Mme Karasseva indique être une historienne à la retraite, spécialiste de la Rome antique, en particulier "du passage de la République à la dictature".

Puis, sans crier gare, elle partage son analyse du film Barbie ("plus profond qu'il n'y paraît"). Le long-métrage américain a récemment été projeté dans l'unique salle de réunion de la bibliothèque.

Le souriant Dmitri Chestopalov, 18 ans, y était. Ce militant du parti d'opposition Iabloko -- formation opprimée, affaiblie, mais encore légale -- se rend à la bibliothèque pour regarder des films et retrouver d'autres jeunes.

"Ici, on peut grandir, malgré tout ce qui se passe dans notre pays. On peut oublier cette peur, se sentir plus libre, ressentir du confort, sentir qu'on n'est pas seul dans ce système énorme qui nous dévore."

L'avocate Anastassia Roudenko, 41 ans, qui a cofondé la bibliothèque, observe en Russie des "signes" du totalitarisme décrit dans 1984. D'abord, elle ressent cette "peur qui enchaîne".

Ensuite, elle est frappée par la pertinence d'un slogan du livre, "L'IGNORANCE, C'EST LA FORCE", car, d'après elle, les Russes qui "n'essayent pas de comprendre ce qui se passe vivent très bien".

- Amour et dissonance -

Sur la place centrale d'Ivanovo, près d'une plaque à la mémoire de personnes tuées par le pouvoir tsariste lors d'une manifestation antiguerre en 1915, Anastassia Roudenko se livre sur sa "tragédie personnelle", le visage balayé par un vent glacial.

Son frère et son mari, officiers de carrière dans l'armée russe, participent à "l'opération militaire spéciale", l'euphémisme imposé par le Kremlin pour qualifier son attaque contre l'Ukraine.

Elle ne peut s'étendre sur le sujet. La moindre déclaration sensible pourrait valoir une sanction, voire une peine d'emprisonnement. Être avocate ou femme de militaire ne la protège pas.
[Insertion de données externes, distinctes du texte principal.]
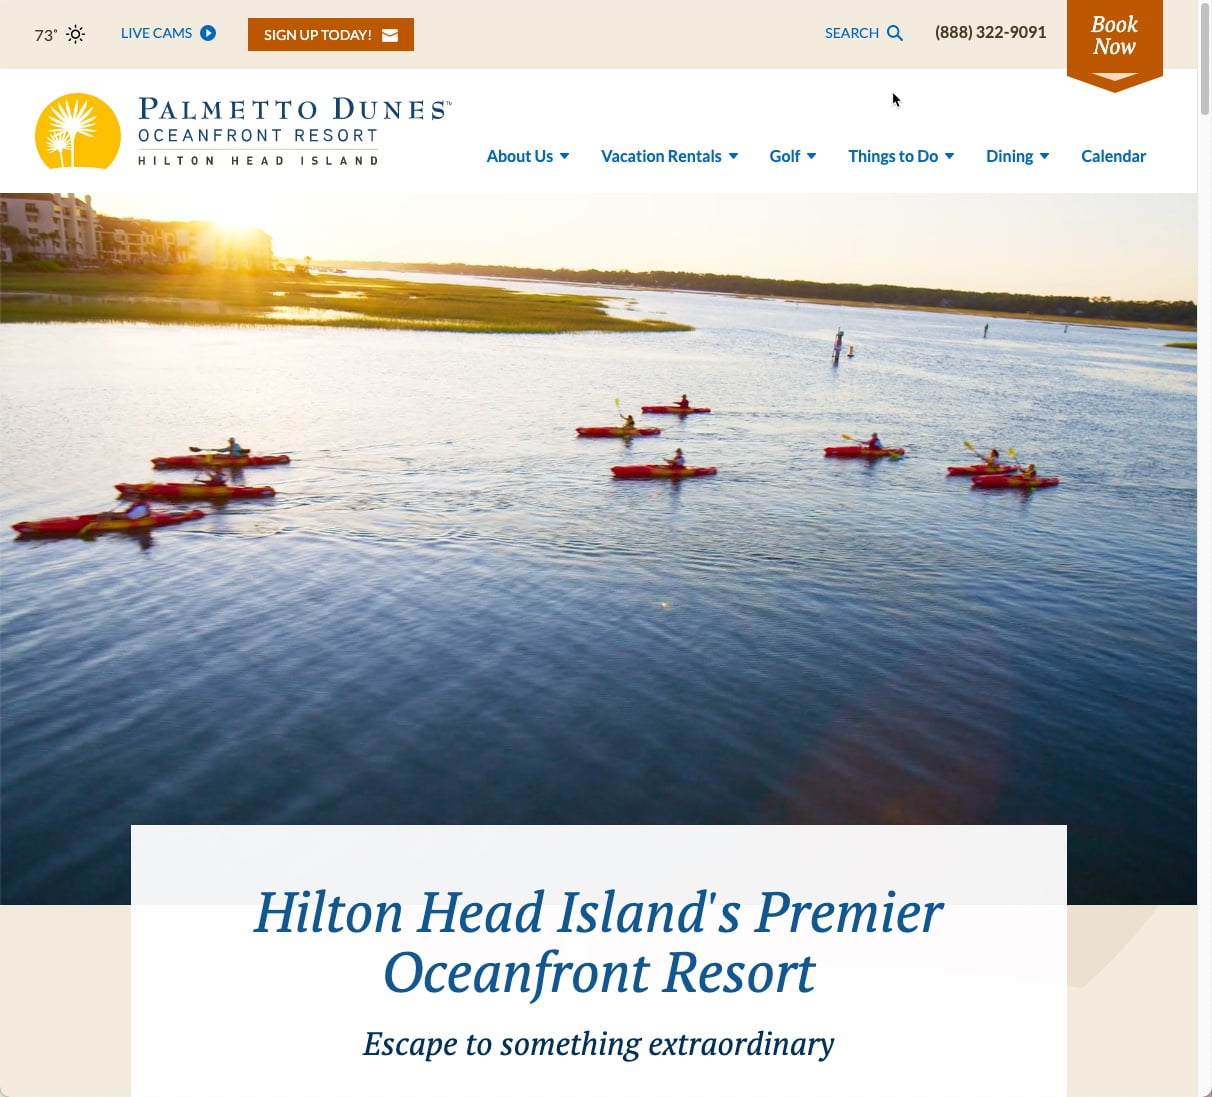 Palmetto Dunes Oceanfront Resort

En juin 2023, la justice l'a condamnée à une amende pour "discrédit" de l'armée en se basant, comme souvent, sur une expertise fumeuse invoquant des messages sur Telegram où elle disait avoir vu un documentaire sur l'opposant Alexeï Navalny.

Son époux a pu venir à l'audience pour la soutenir.

D'origine ukrainienne par son père, Anastassia Roudenko, une femme rieuse et pleine d'énergie, se met soudainement à pleurer quand elle évoque "l'énorme douleur" d'être impuissante face à la guerre déclenchée par Vladimir Poutine.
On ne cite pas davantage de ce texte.